*Task goal*:
An exact copy of the listing below is the answer, with the pictures removed.

*Available data*:
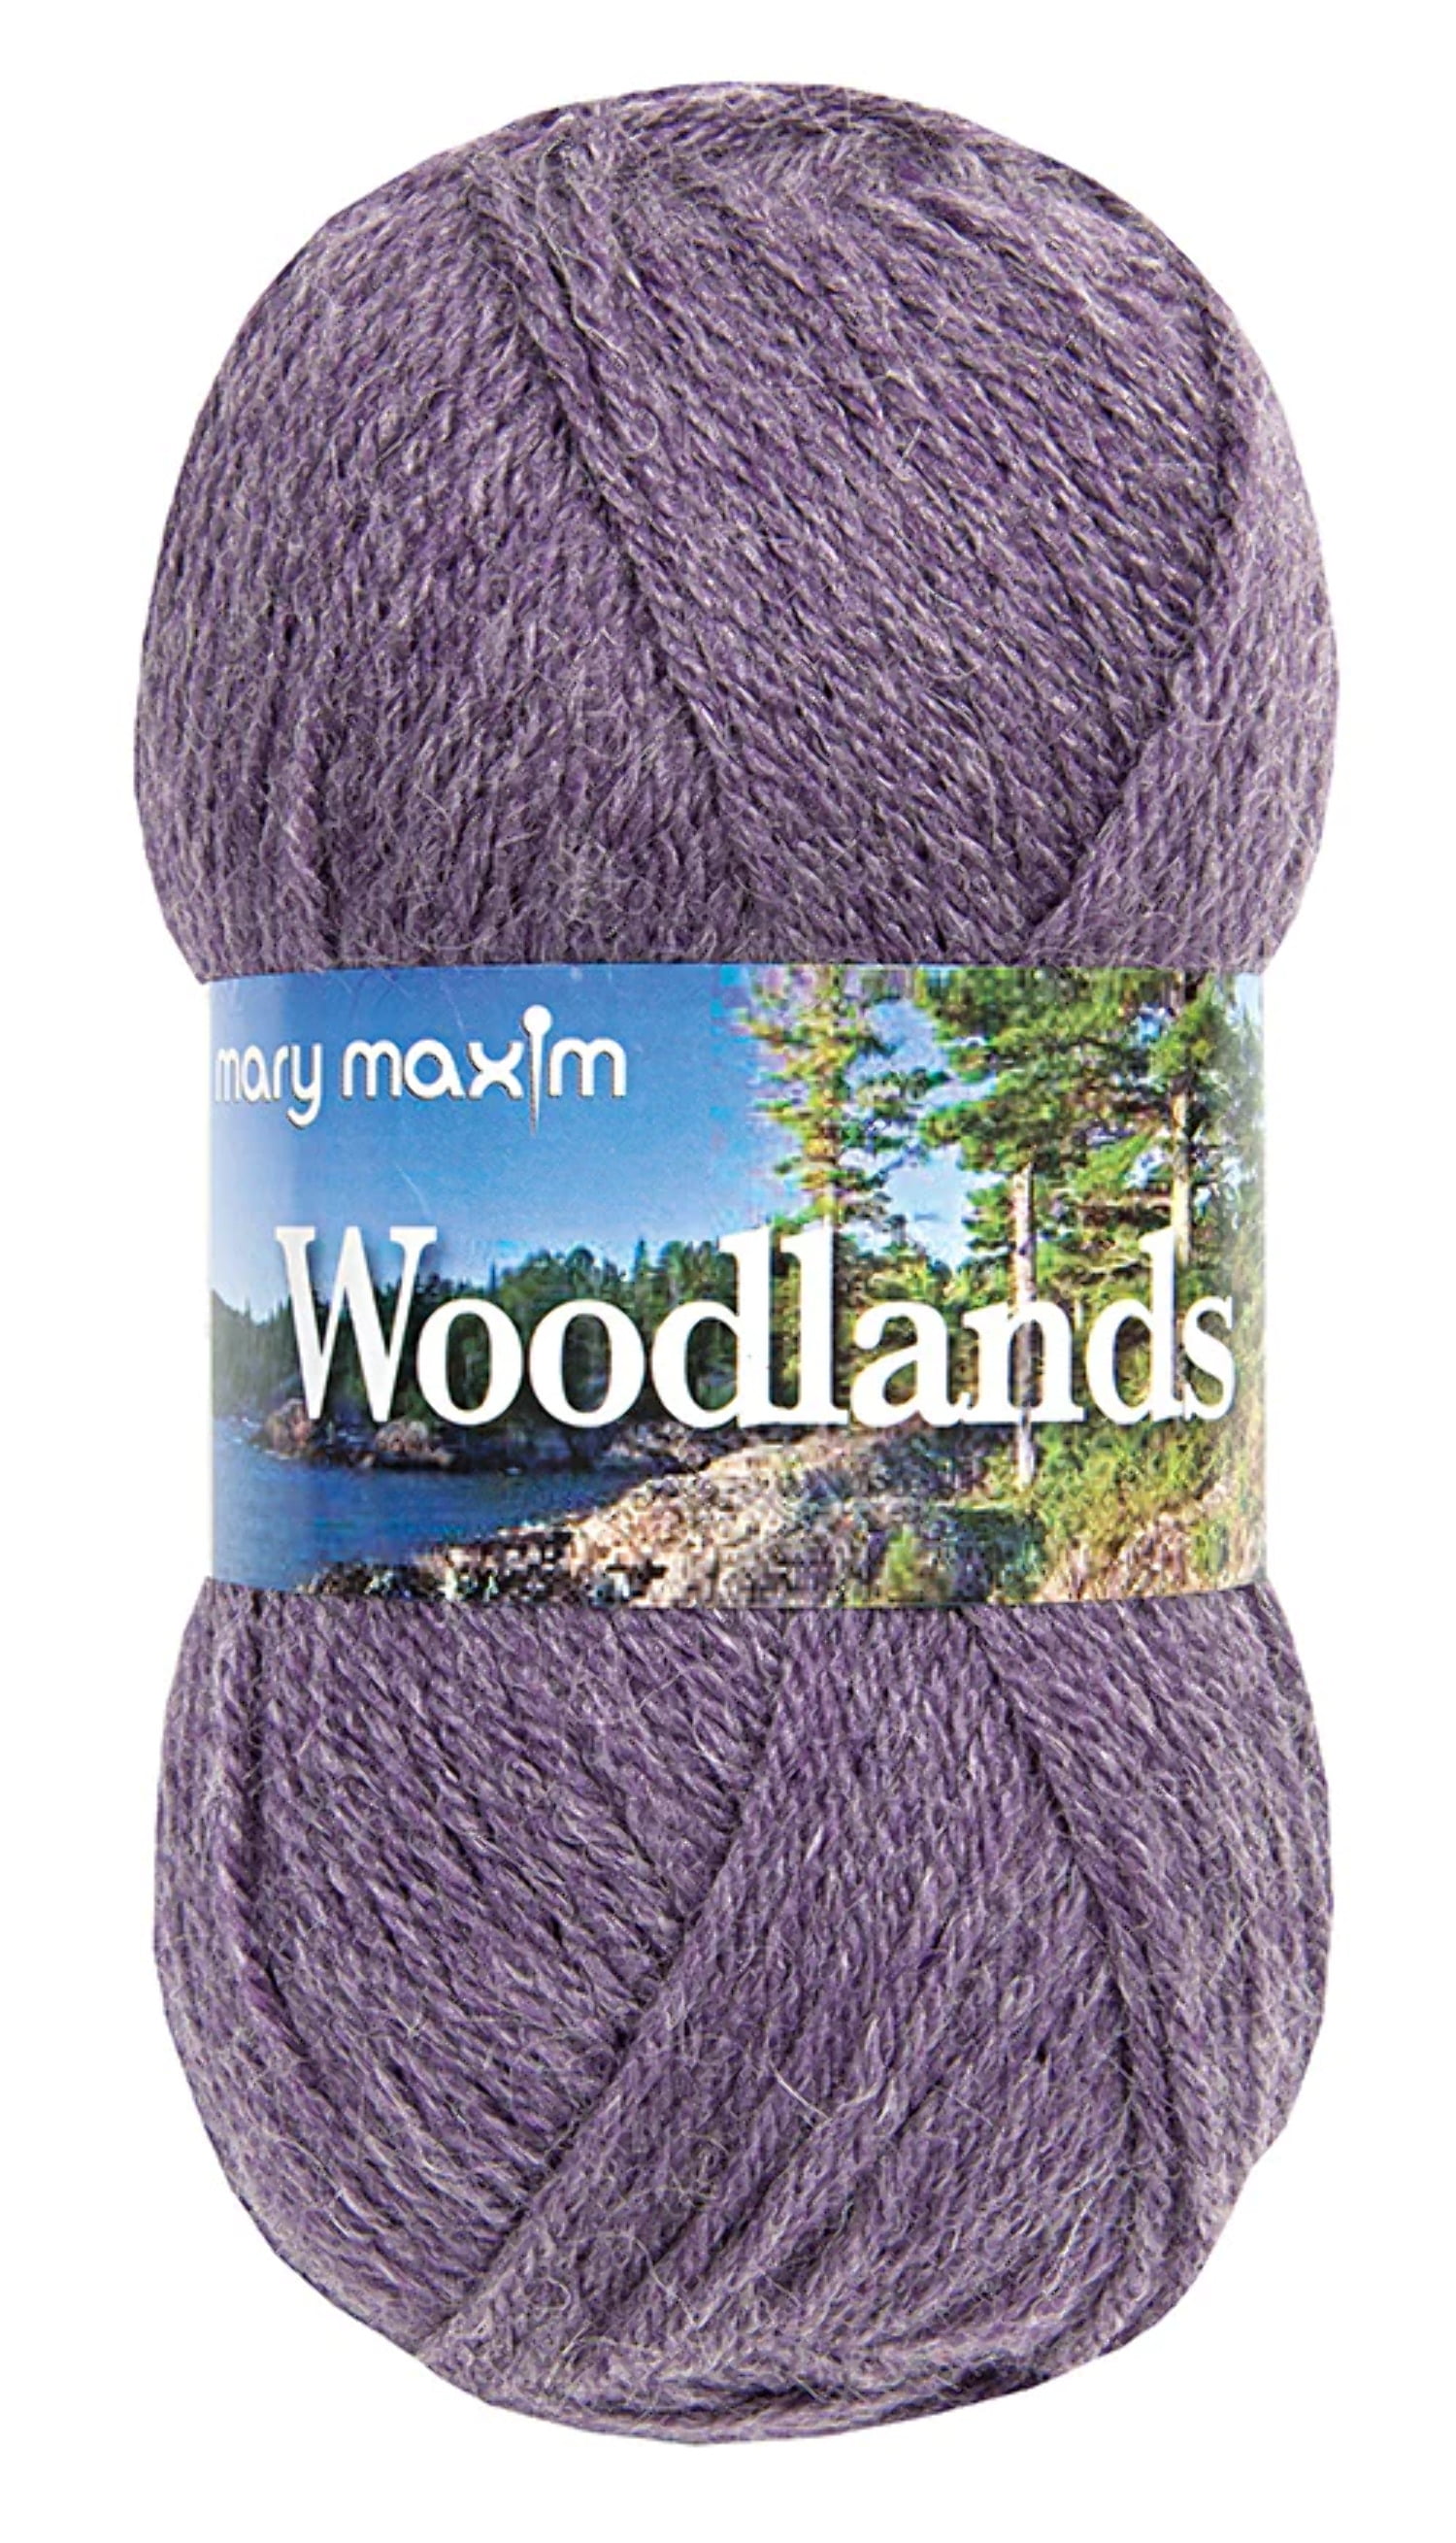 Medium/Worsted Weight Yarn – Mary Maxim
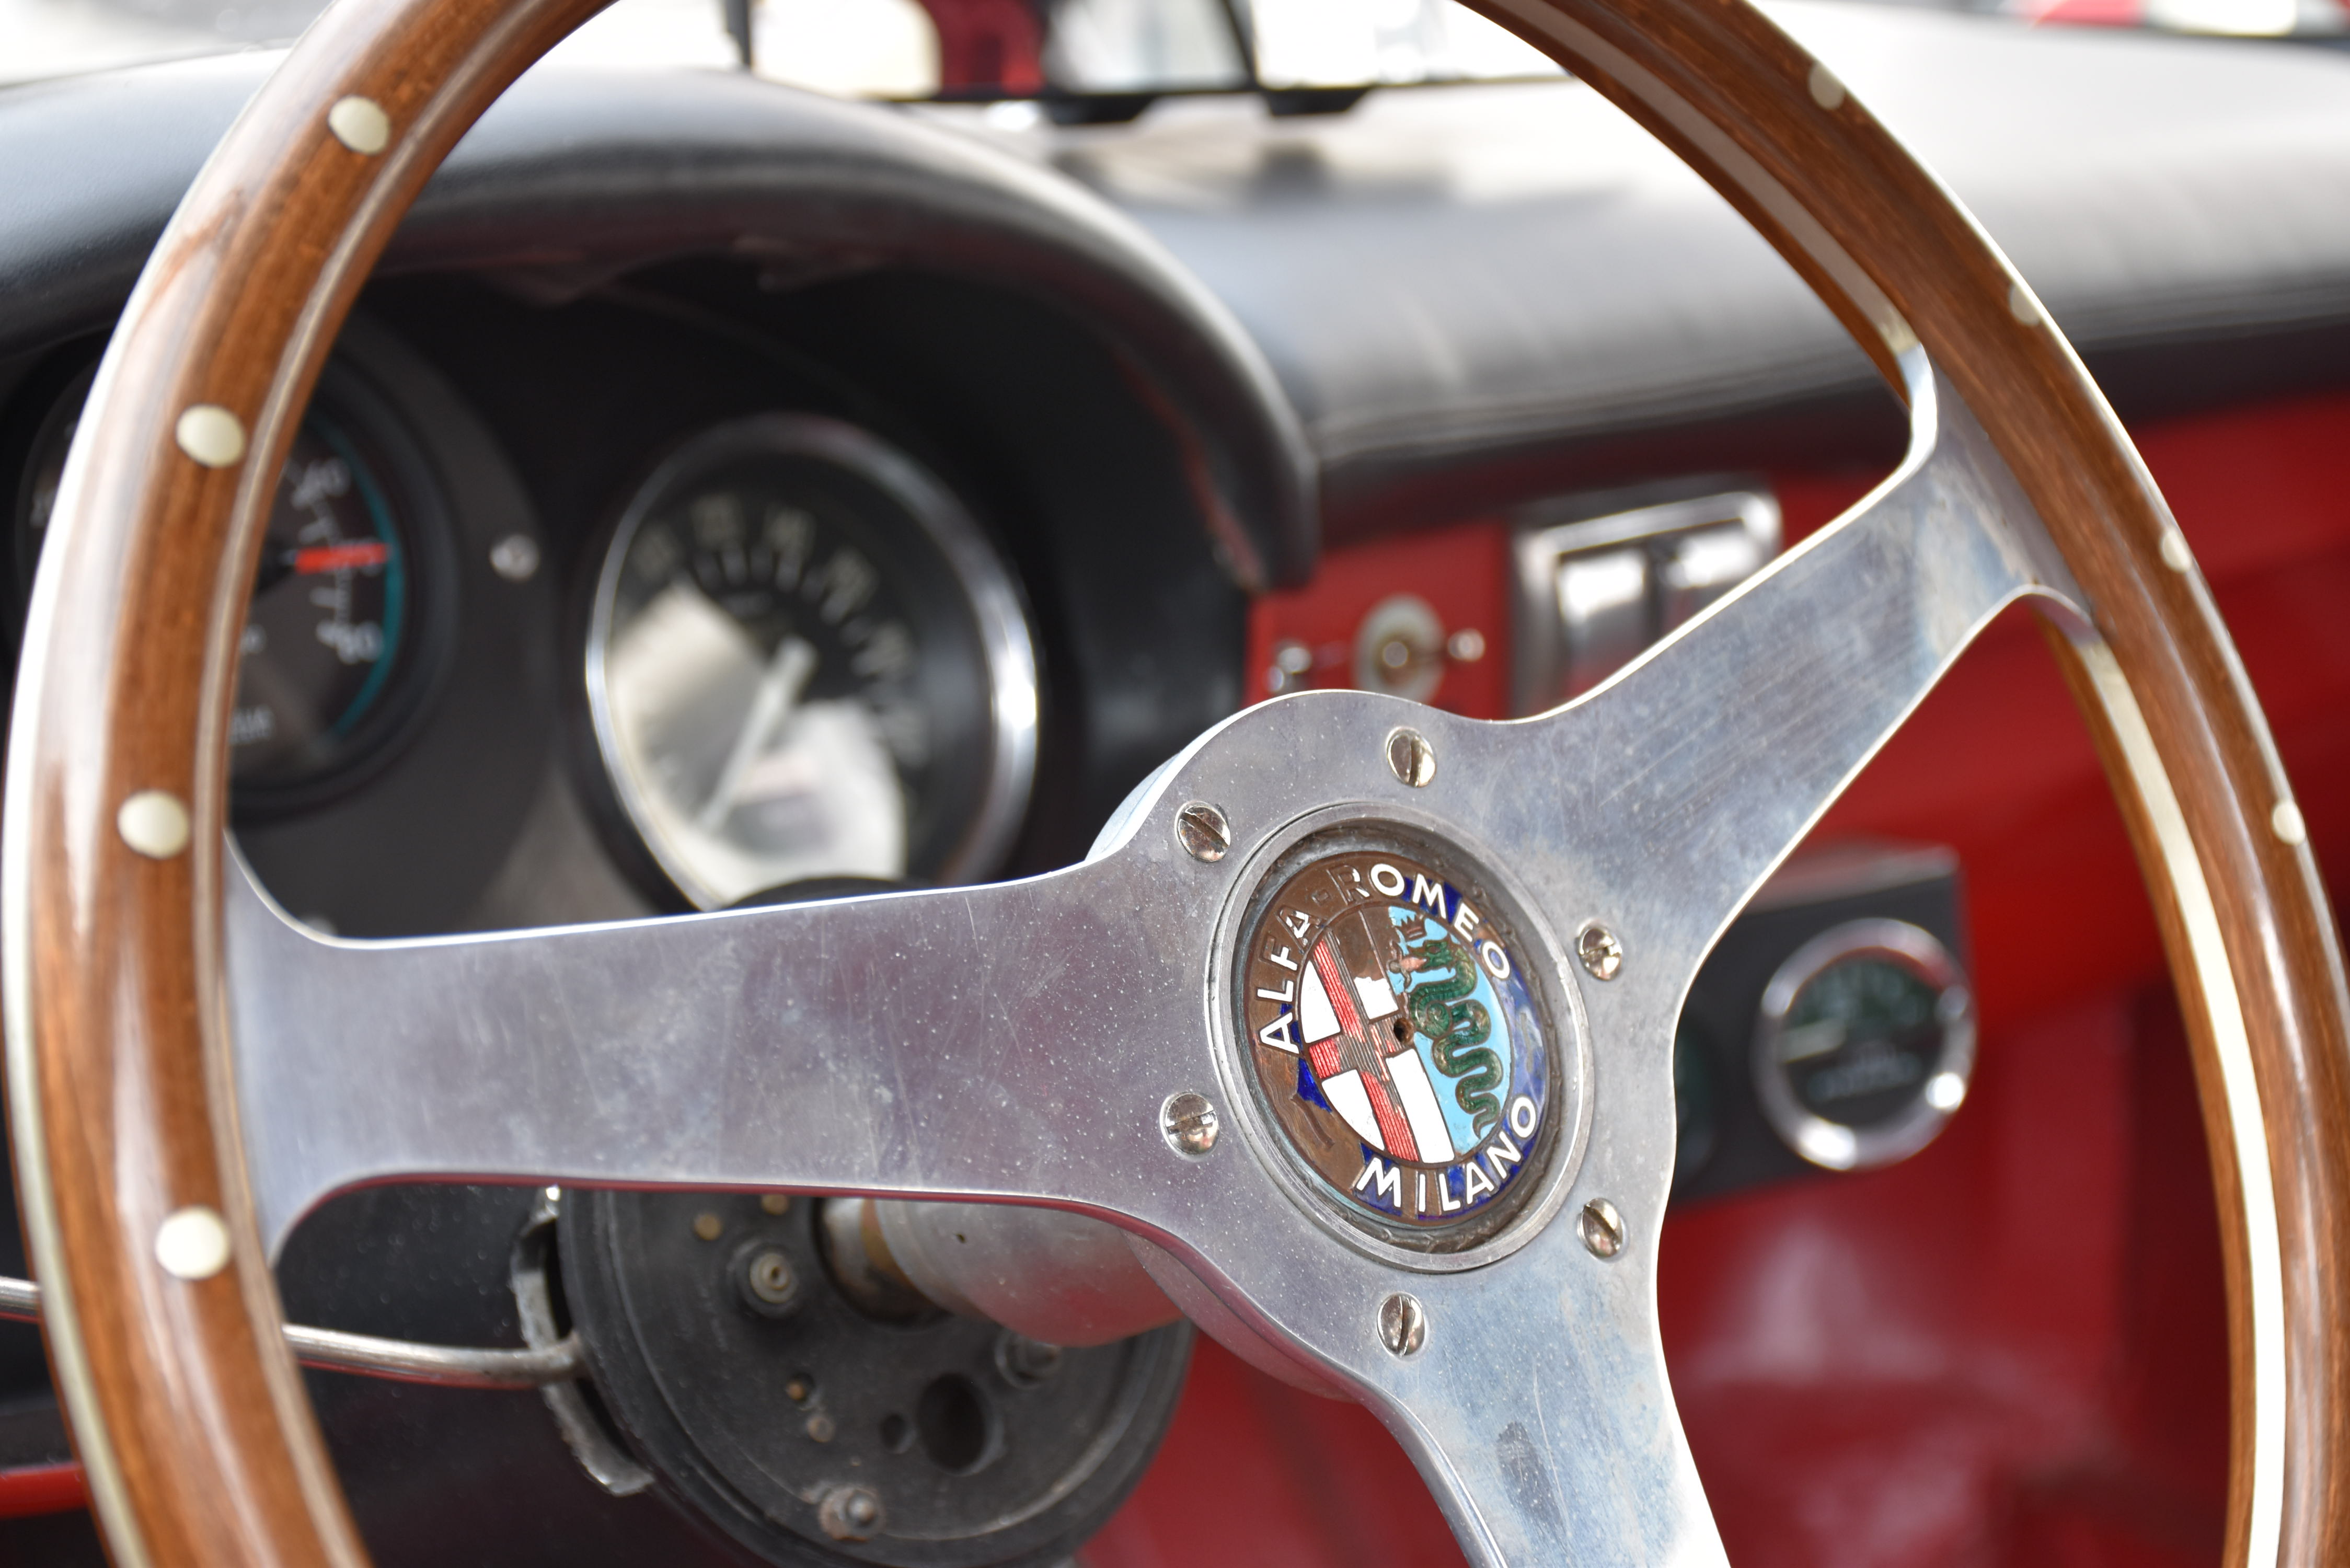 1960 Alfa Romeo Giulietta Sprint Speciale - Image 5 of 7
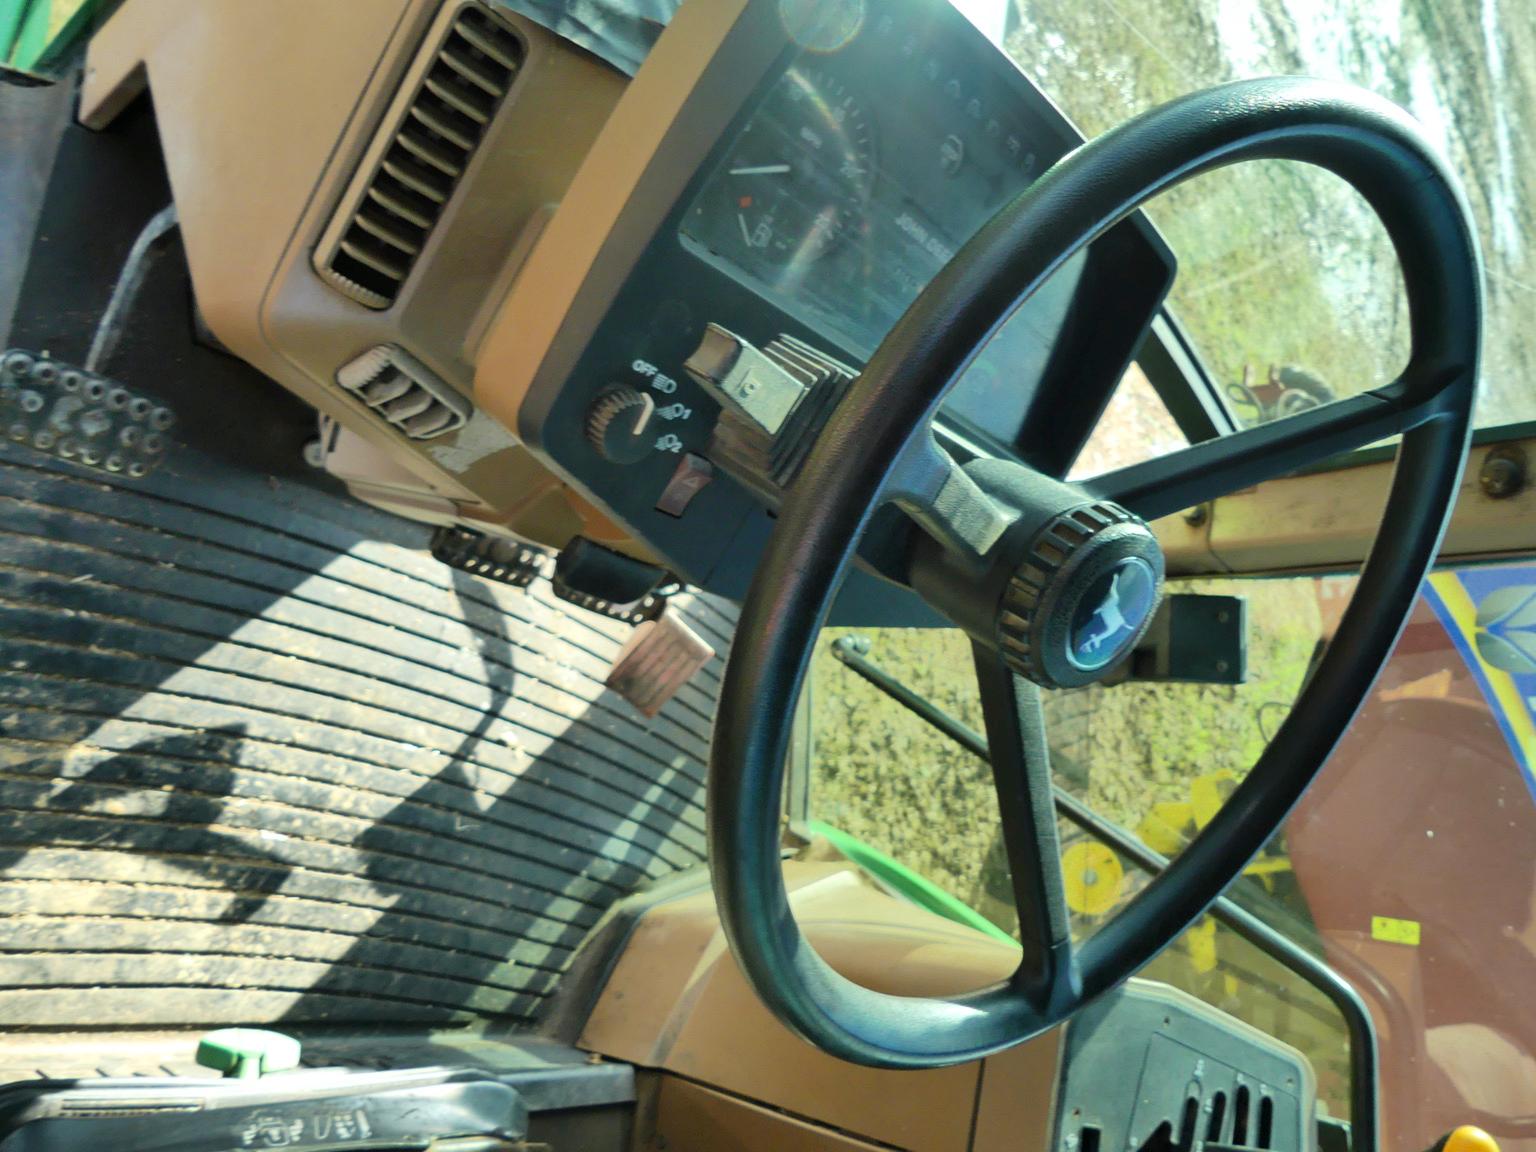 John Deere 6400 MFWD Tractor, s/n L06400V128074: C/A, Meter Shows 5626 hrs

*Problem solution*:
 Medium/Worsted Weight Yarn – Mary Maxim
 1960 Alfa Romeo Giulietta Sprint Speciale - Image 5 of 7
 John Deere 6400 MFWD Tractor, s/n L06400V128074: C/A, Meter Shows 5626 hrs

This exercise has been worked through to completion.